> _Material provided_
↓↓↓

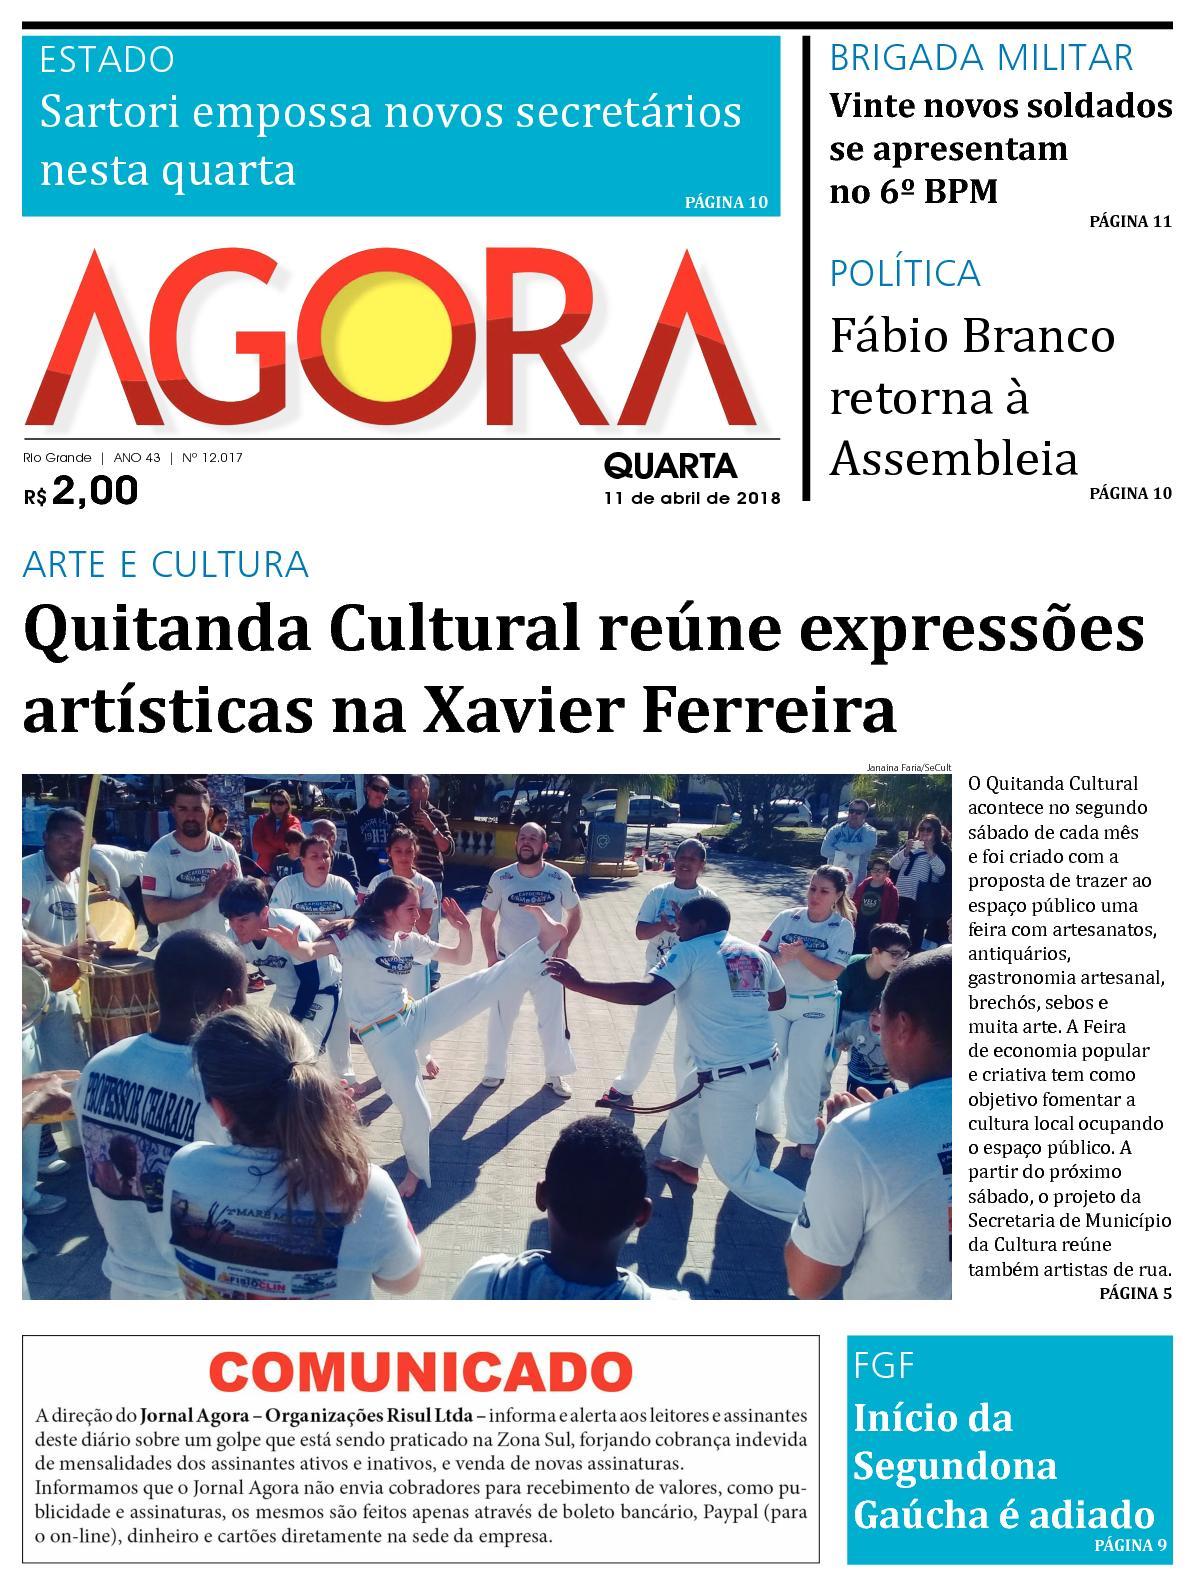 8268a5e3f Calaméo - Jornal Agora - Edição 12017 - 11 de Abril de 2018
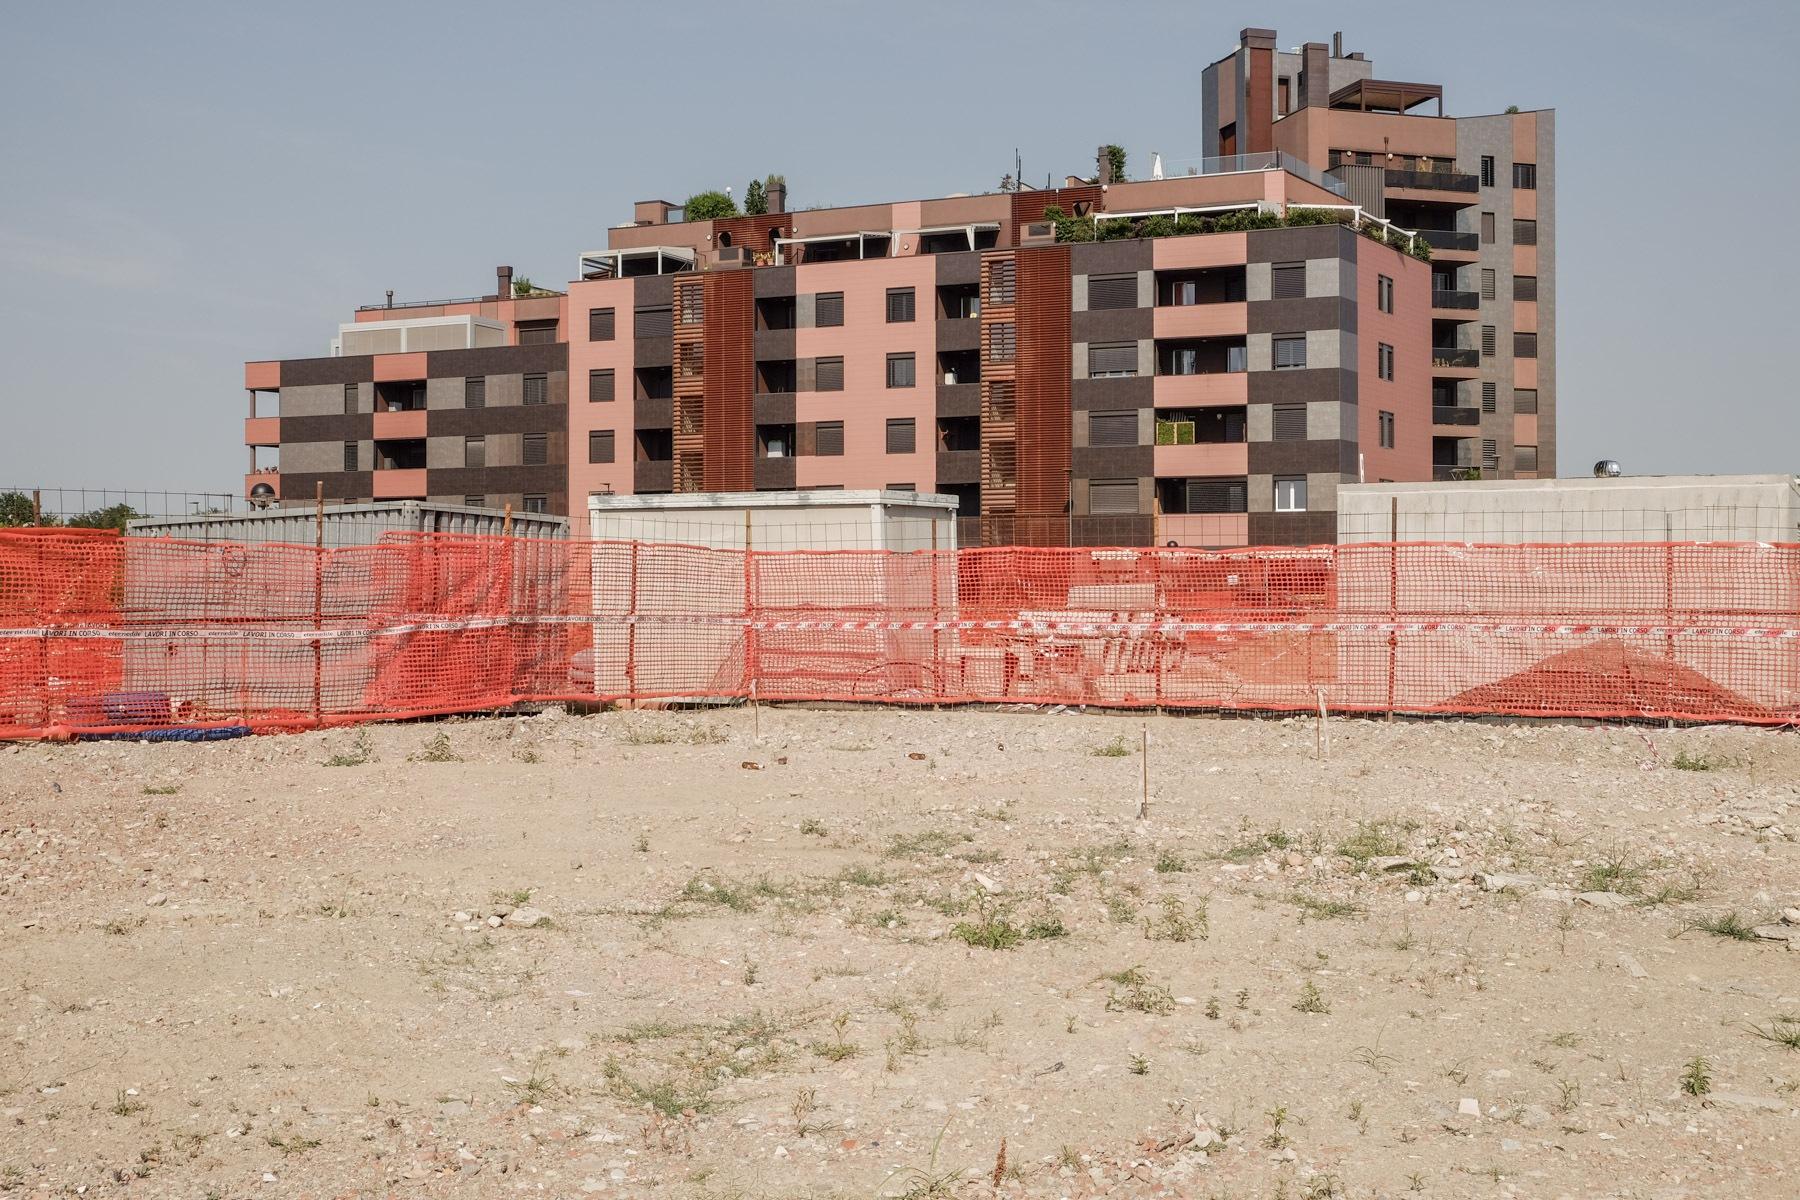 comparto Bertalia Lazzaretto. Il progetto prevede 2000 abitazioni, uffici e spazi dell' Università. Cantiere  aperto dal 2012, i residenti lamentano carenza di collegamenti e di parcheggi adeguati
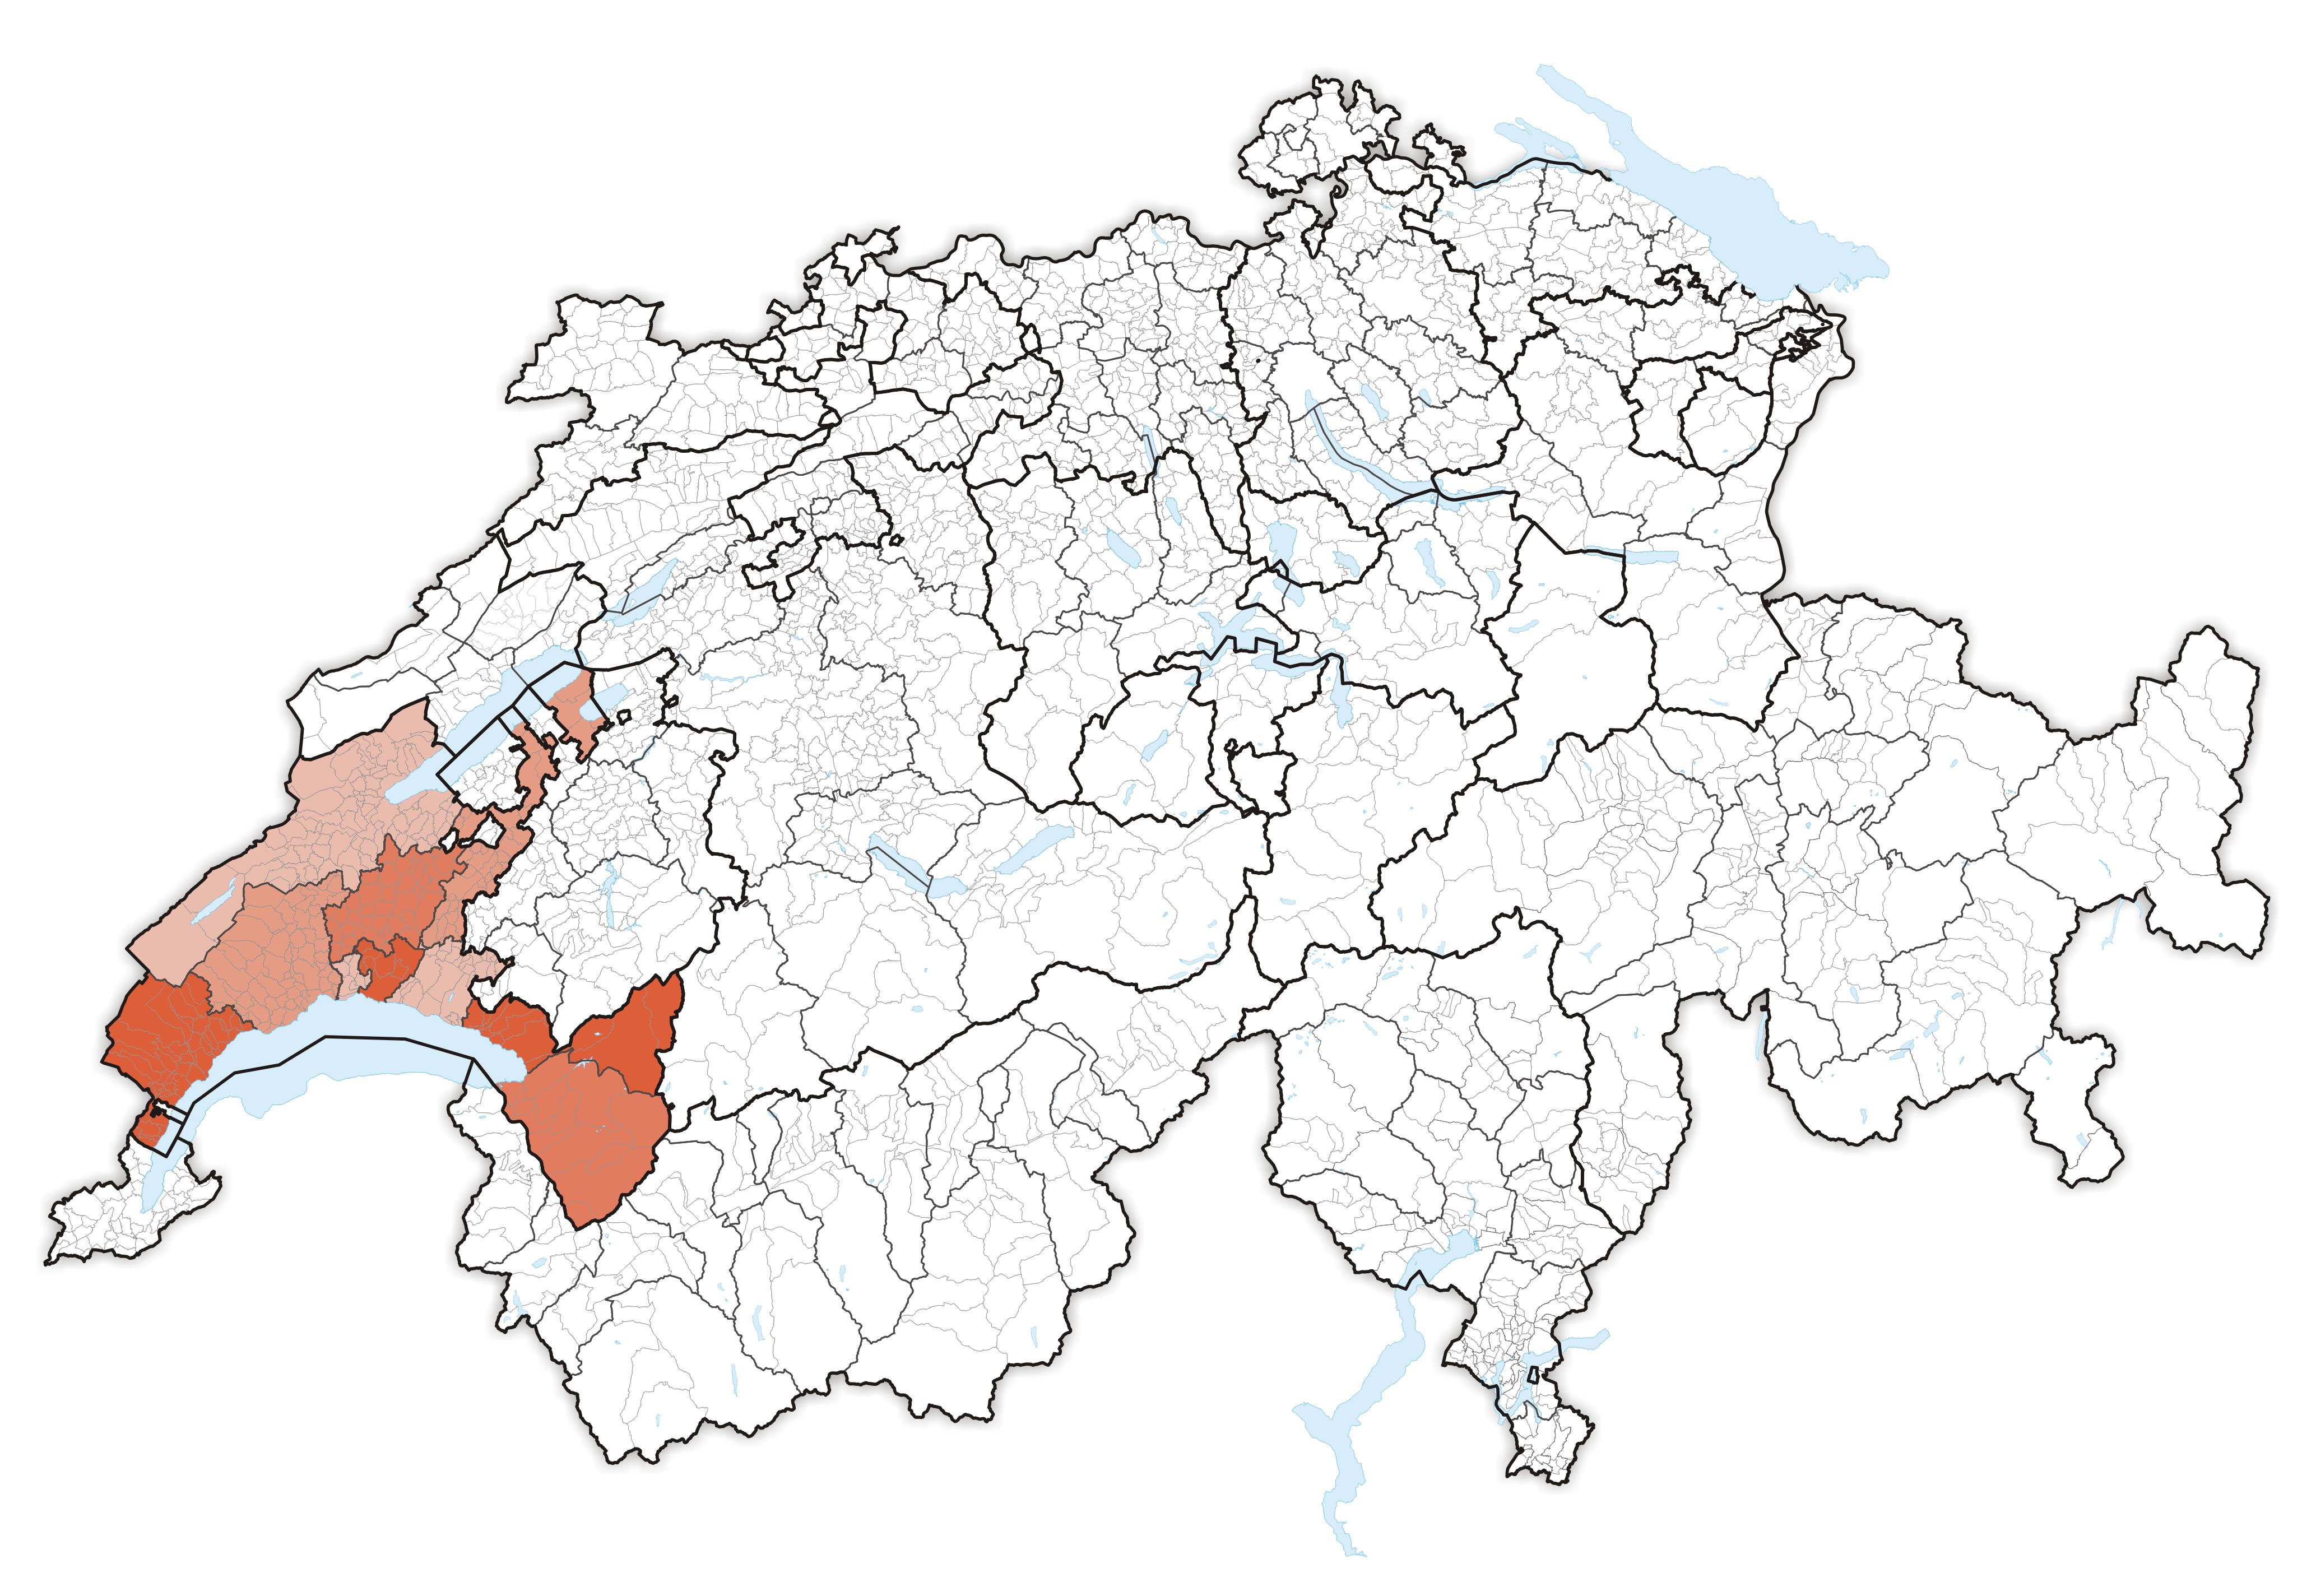 Vaud Familypedia FANDOM powered by Wikia

↑↑↑

> _Problem to solve_
Once more, please print all the lines above exactly, without their pictures.

> _Exercise solution_
 8268a5e3f Calaméo - Jornal Agora - Edição 12017 - 11 de Abril de 2018
 comparto Bertalia Lazzaretto. Il progetto prevede 2000 abitazioni, uffici e spazi dell' Università. Cantiere  aperto dal 2012, i residenti lamentano carenza di collegamenti e di parcheggi adeguati
 Vaud Familypedia FANDOM powered by Wikia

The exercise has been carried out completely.